Mind control is a frightening phenomenon as Stiletos points out. I am so sorry that you have suffered so greatly. I wanted to add, without going into too much detail, that I am the adoptive mother of a large number of children who were systematically raped and traumatized over a two year period by the teen-aged son of a "pillar of our community".
Granted, my children have some developmental delays and were extraordinarily vulnerable but the evidence that came out at trial was stunning. The rapist/monster brutally raped and mutilated our precious kitties and dogs in front of the children, threatened to kill and/or rape me and their older sisters, showed them a shotgun, and told them that he would kill them in their sleep if they ever told.
The amazing thing is that the children merrily went to play with this perverted monster day after day and invited him to our yard. They even asked about his safety after he'd been arrested. In their young minds (ages 7-12), he was their friend and they were not happy about him getting into trouble. The abuse hurt them physically but they were more concerned with him getting caught!! It boggles my mind to this day.
Most of our children have suffered through years of PTSD, suicide attempts, risky behavior, and depression...even with wonderful support from victim's services.

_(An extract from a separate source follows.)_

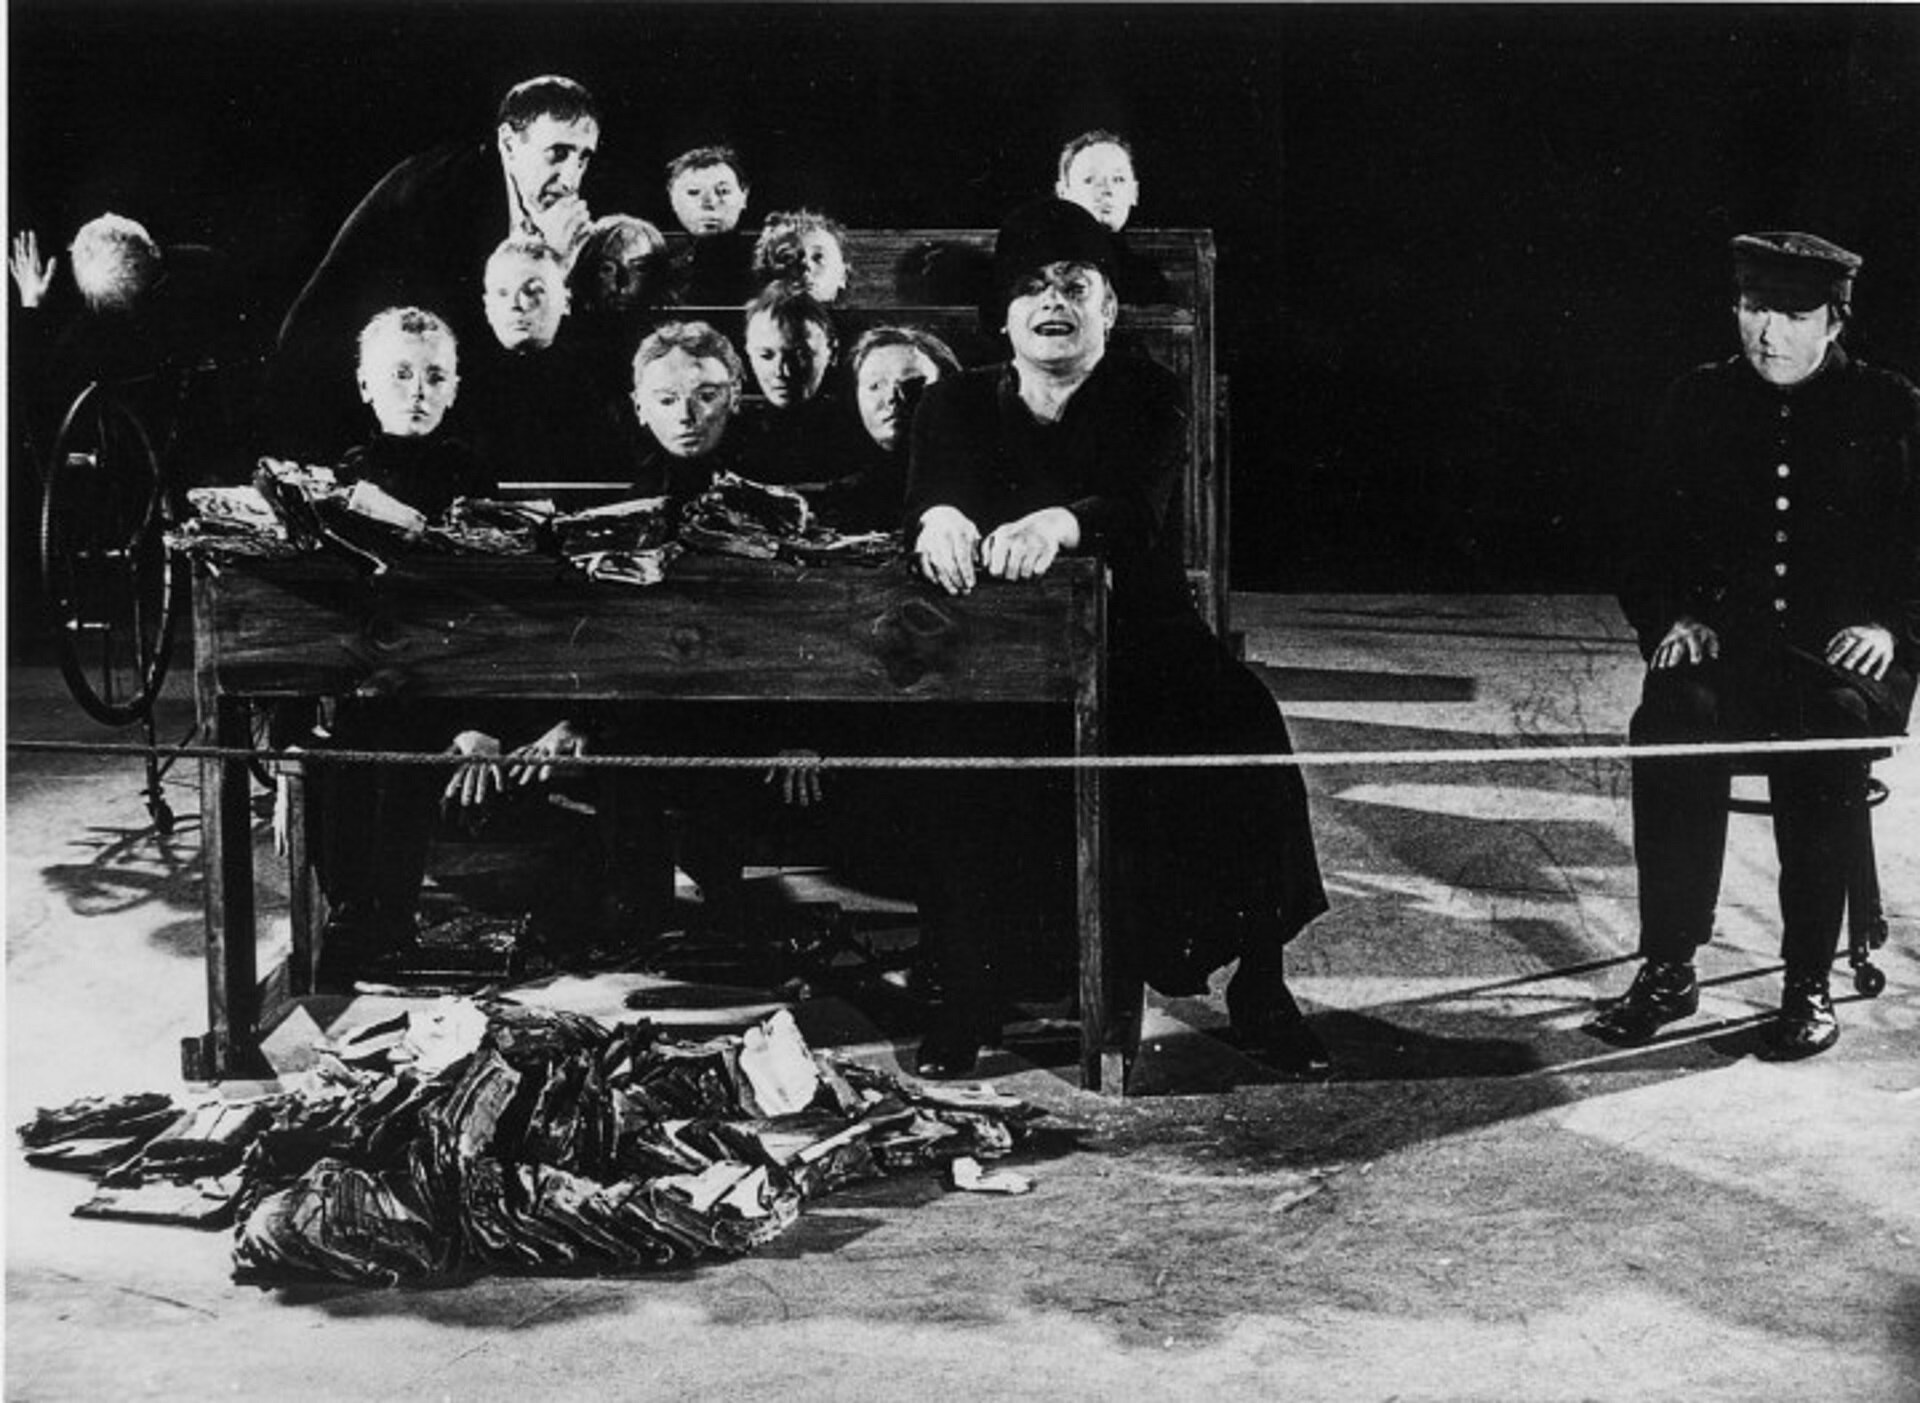 Ilustracja przedstawia czarno-białą fotografię, która przedstawia aktorów na scenie, ubrani są wszyscy na czarno, mają smutne miny. Aktorzy odgrywali wolę w spektaklu „Umarła klasa”.

The police, the children's advocacy center, the therapists, the DA's, and the AG's office have been unbelievably supportive. The teen got ten years and was released twelve weeks ago. Are we healed? Not even close. Have we moved on? Yes. We have each other and we are building new memories and cherish our time together.
It's taken me years to admit that my husband and I, too, were victims, just as were my older children who were not raped. I imagine this is a road that Jaycee's mom, dad, and sister will have to travel. It's a bit like PTSD by proxy.
The road is long and hard but imagine the alternative. She's alive. The young girls are in a place of safety and the hard work of healing and moving forward can begin. We can't take away the trauma but we can choose to move on. I'll pray that Jaycee makes that choice.